For example, wind electricity is available only when the wind is blowing. Solar energy is available only during the day and when the sun is shining. Tidal electricity is generated when the tides are coming in and out and wave electricity is produced when the waves are crashing.

These energies are the cheapest source of clean electricity when they are available.

Other renewable sources, such as geothermal, hydro or nuclear power, are available all of the time – their supply is fairly constant.

Constant supply can bring the costs of production down for a producer, but it means that there isn’t the flexibility to increase or decrease the amount of electricity being produced.

Finally, sources such as biomass and hydrogen can be made available when we need them. But their production can be more complicated and costlier.

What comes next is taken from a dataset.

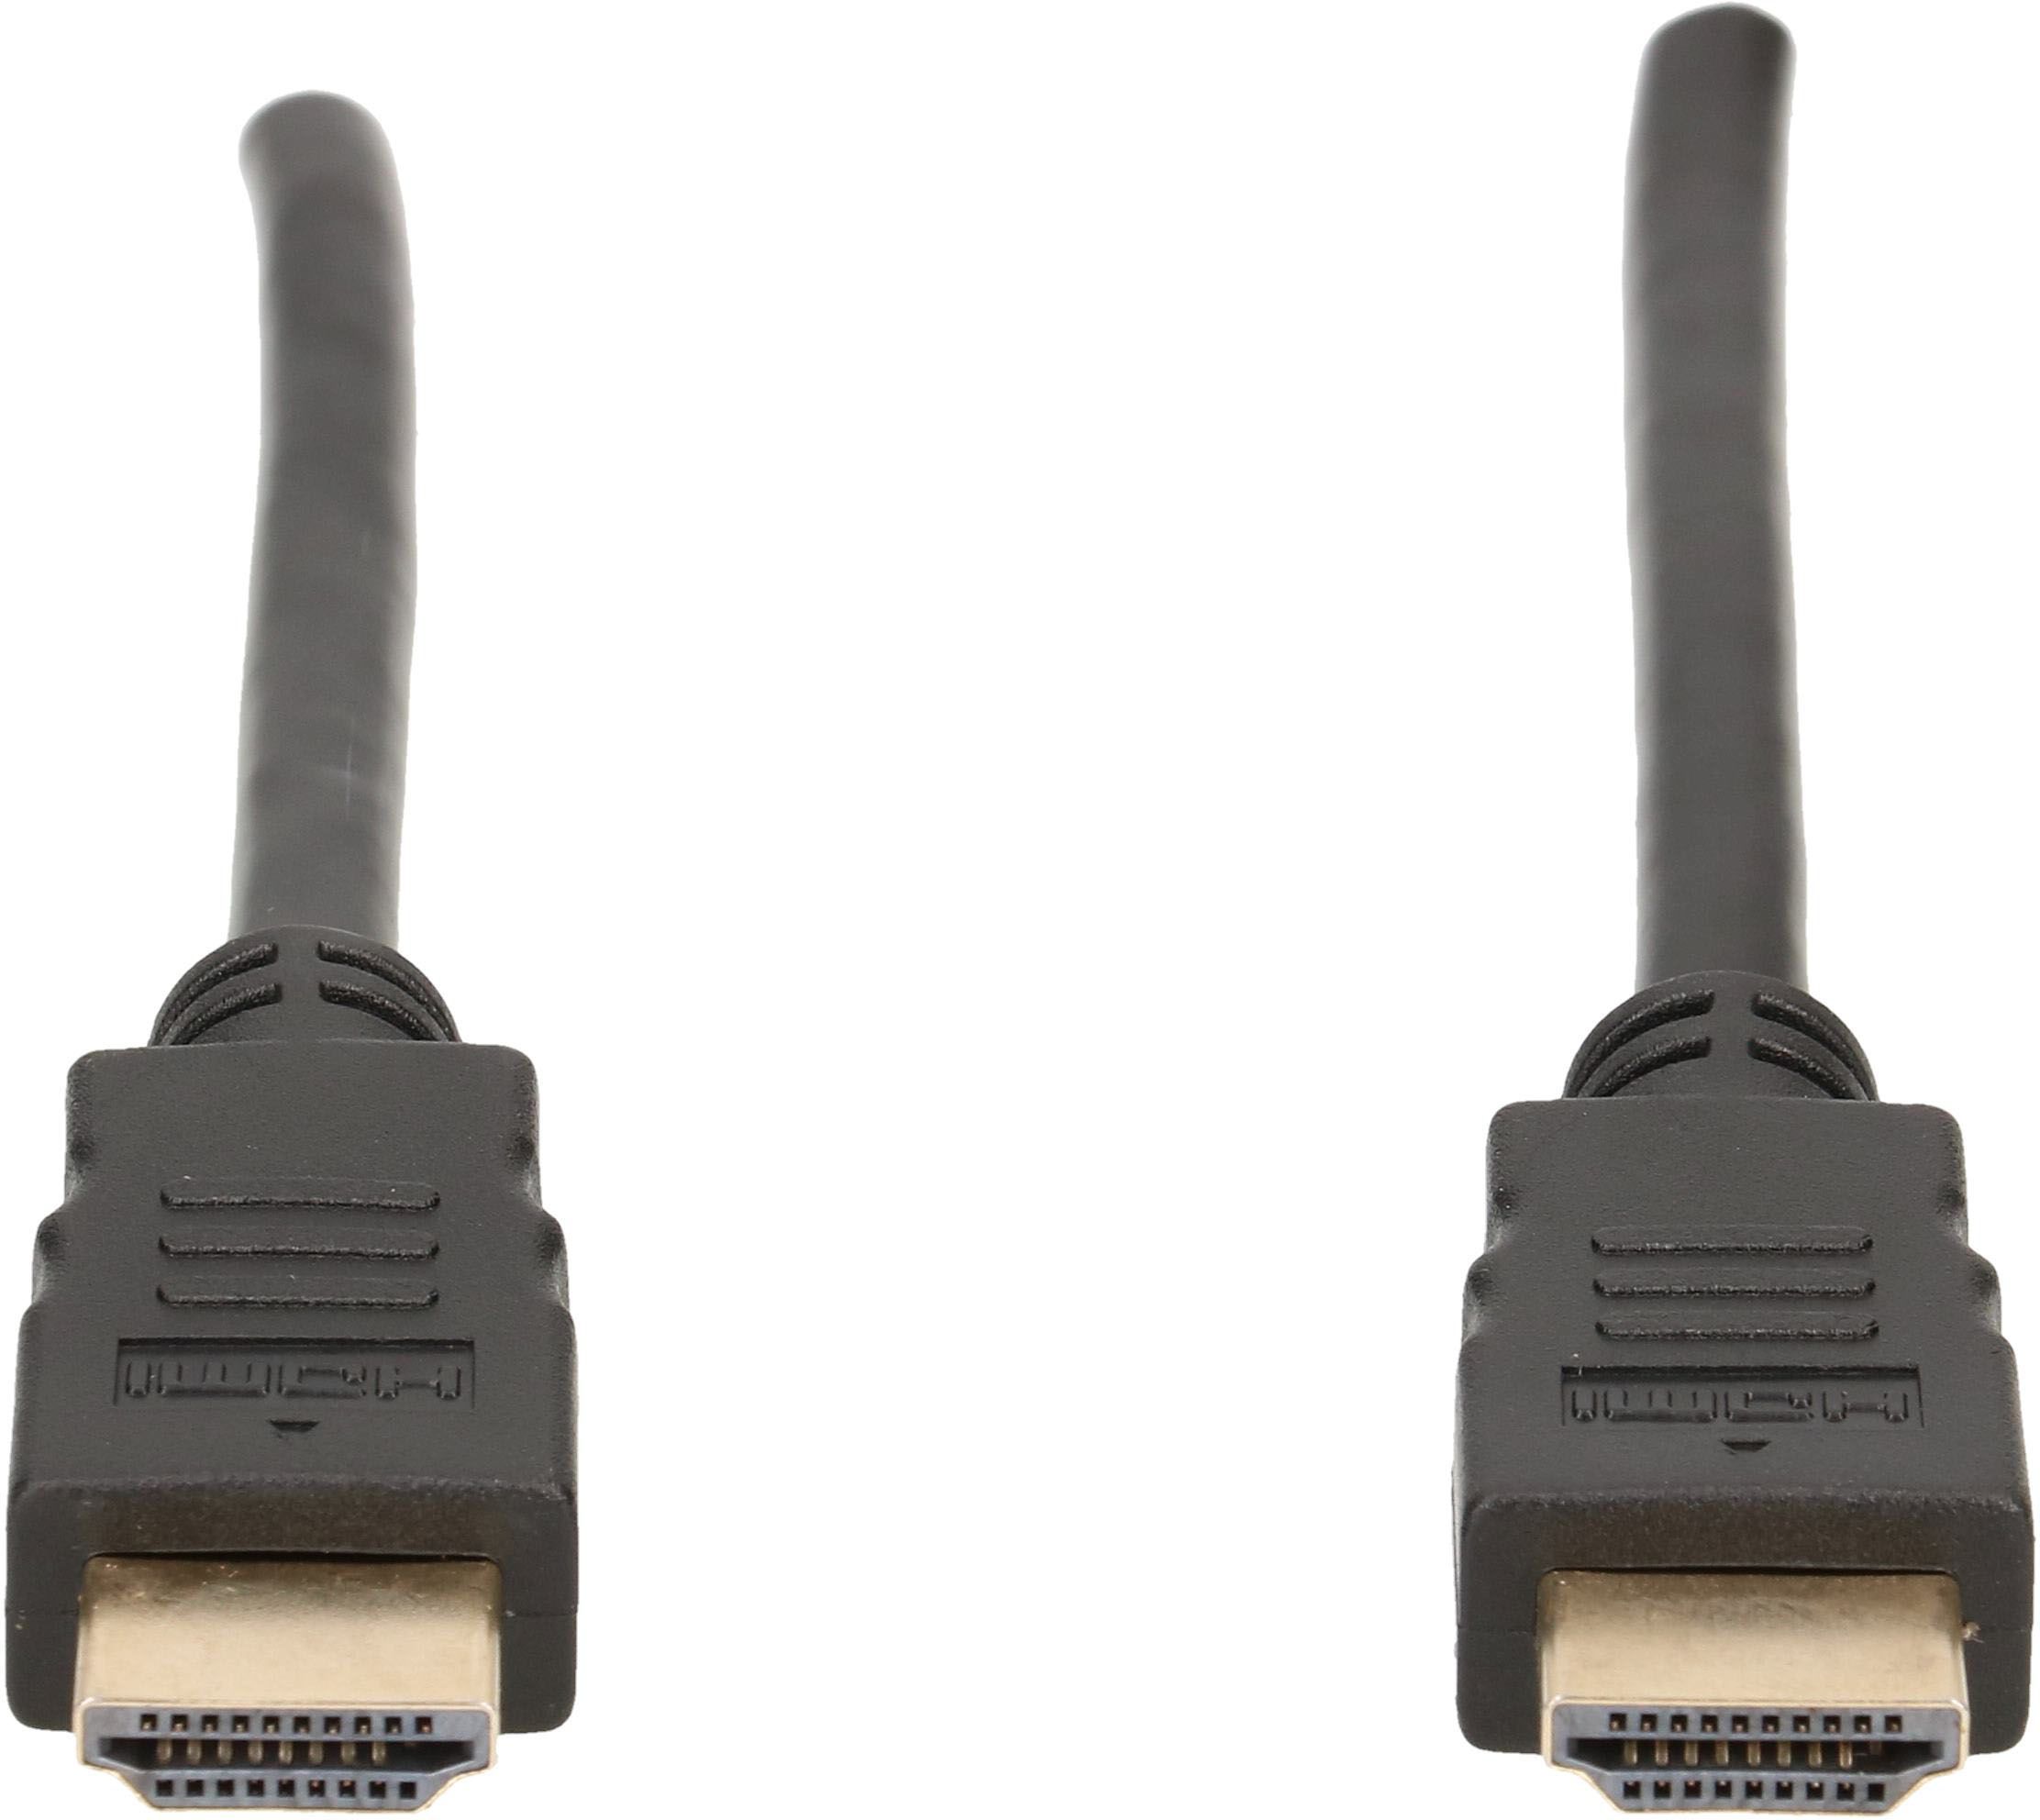 High Speed HDMI Kabel mit Ethernet 1.5m schwarz

Also, with biomass, there are many methods to produce it, some good for the climate and others bad (for more on this, read below).

What is the best green energy?

How best to heat and power light using renewable resources will depend on where you live.

The variability in some green energies, along with variation in when we use electricity, means that a combination of renewable energy sources is likely to ensure a supply of electricity exactly when you need it.

Plus, you may also need a method of storing electricity, such as in batteries.

The first integrated renewable energy grid in the world was built on the Island of Egg, in the Hebrides, UK. It uses a mixture of hydro, wind and solar to ensure electricity supply on an island with a lot of wet and windy weather.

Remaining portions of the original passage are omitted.